17 Avr 2026, ven

Au Cameroun, l’espoir d’une parole du pape sur la répression politique

Au Cameroun, l’espoir d’une parole du pape sur la répression politique

À l’occasion de son déplacement, la société civile interpelle le souverain pontife et espère faire émerger un débat étouffé depuis des années sur les détentions liées à la crise anglophone et aux répressions politiques.

L’arrivée de Léon XIV au Cameroun ne se limite pas à une visite pastorale. Dans un pays marqué par des tensions politiques persistantes, sa présence cristallise les attentes de nombreux acteurs, bien au-delà du cadre religieux.

Face aux autorités et à l’Église, une autre voix se fait entendre : celle de la société civile, qui voit dans ce déplacement une occasion rare de remettre au premier plan la question des prisonniers politiques.

Une mobilisation autour d’une visite symbolique

Depuis plusieurs jours, des organisations et figures de la société civile se coordonnent pour porter un message clair. Elles demandent une intervention morale du pape auprès de Paul Biya afin d’obtenir la libération de milliers de détenus et la révision de textes jugés répressifs.

Cette mobilisation s’inscrit dans un contexte où la parole publique reste contrainte. La venue d’une figure internationale offre une tribune que ces acteurs cherchent à utiliser pour briser le silence.

Une crise enracinée dans le système politique

Au cœur de cette interpellation, un constat : celui d’une détérioration prolongée de l’État de droit. Les détentions liées à la crise anglophone et aux contestations électorales se sont multipliées au fil des années.

Une grande partie des personnes incarcérées n’a pas été jugée, nourrissant un sentiment d’injustice durable.
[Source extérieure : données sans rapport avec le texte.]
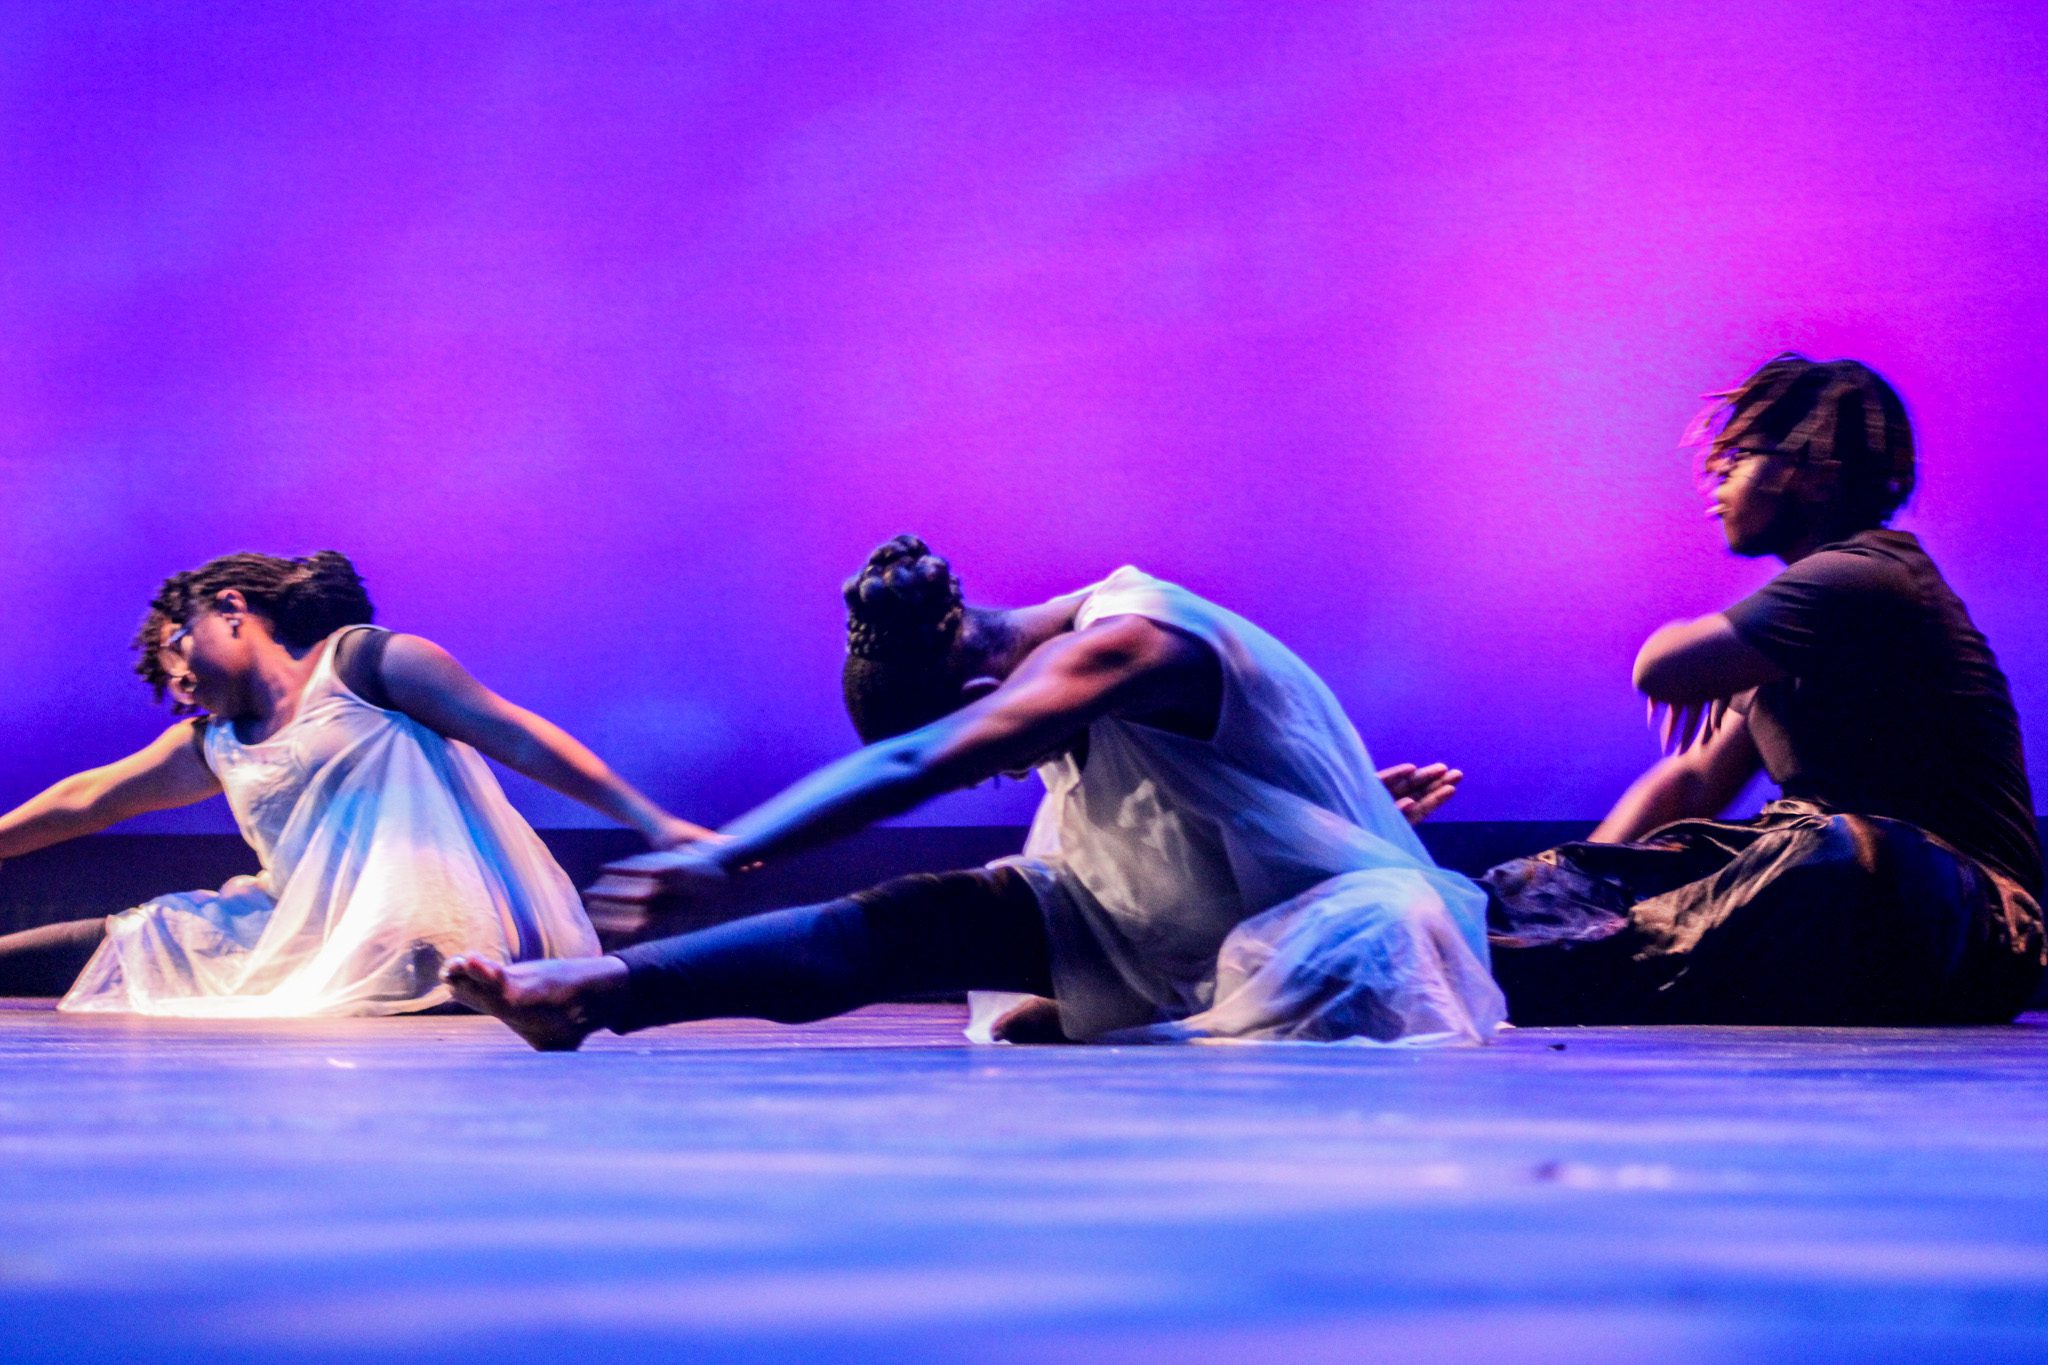 Three dancers are visible. The dancers are wearing a white, sheer-like dress, They are laying on the ground with their heads lowering to their body. They have their arms stretched out to touch their legs. The background is a gradient of purple and light purple.

Parmi elles, opposants politiques, militants et journalistes composent un paysage carcéral étroitement lié aux tensions politiques du pays.

Cette situation s’est accentuée après la dernière réélection de Paul Biya, dans un climat marqué par des contestations et une réponse sécuritaire ferme.

Entre peur et espoir

Dans ce contexte, la visite de Léon XIV suscite des réactions contrastées. Certains redoutent qu’elle serve à renforcer l’image du pouvoir en place. D’autres y voient une opportunité de faire émerger des revendications longtemps contenues.

Des campagnes citoyennes ont été lancées pour attirer l’attention sur les conditions de détention, dénonçant mauvais traitements et pratiques abusives. Une pétition internationale a rassemblé un soutien important, signe d’une mobilisation qui dépasse les frontières nationales.

La pression des familles et des collectifs

Les proches des détenus jouent un rôle central dans cette dynamique. Des collectifs ont transmis des messages à l’Église, espérant que le pape relaie leur appel.

Derrière ces démarches, une attente : celle d’une parole capable d’infléchir, même marginalement, la position des autorités. L’histoire récente montre que, dans certains contextes, une intervention morale peut ouvrir des espaces de dialogue.

Un rôle moral face à un blocage politique

Mais les marges de manœuvre restent limitées. La question des prisonniers politiques s’inscrit dans un équilibre politique plus large, où les autorités entendent conserver le contrôle.

Pour autant, la figure de Léon XIV, perçue comme familière des contextes autoritaires, nourrit l’espoir d’une prise de position qui dépasserait le simple cadre spirituel.

Une attente qui dépasse la visite

Au-delà de l’événement, la mobilisation actuelle révèle une tension plus profonde. Celle d’une société en quête de reconnaissance et de justice, face à un système perçu comme fermé.

Reste à savoir si cette séquence ouvrira un espace, même limité, ou si elle s’ajoutera à une série d’appels sans réponse. Dans un pays où la parole est rare, chaque occasion devient un moment décisif.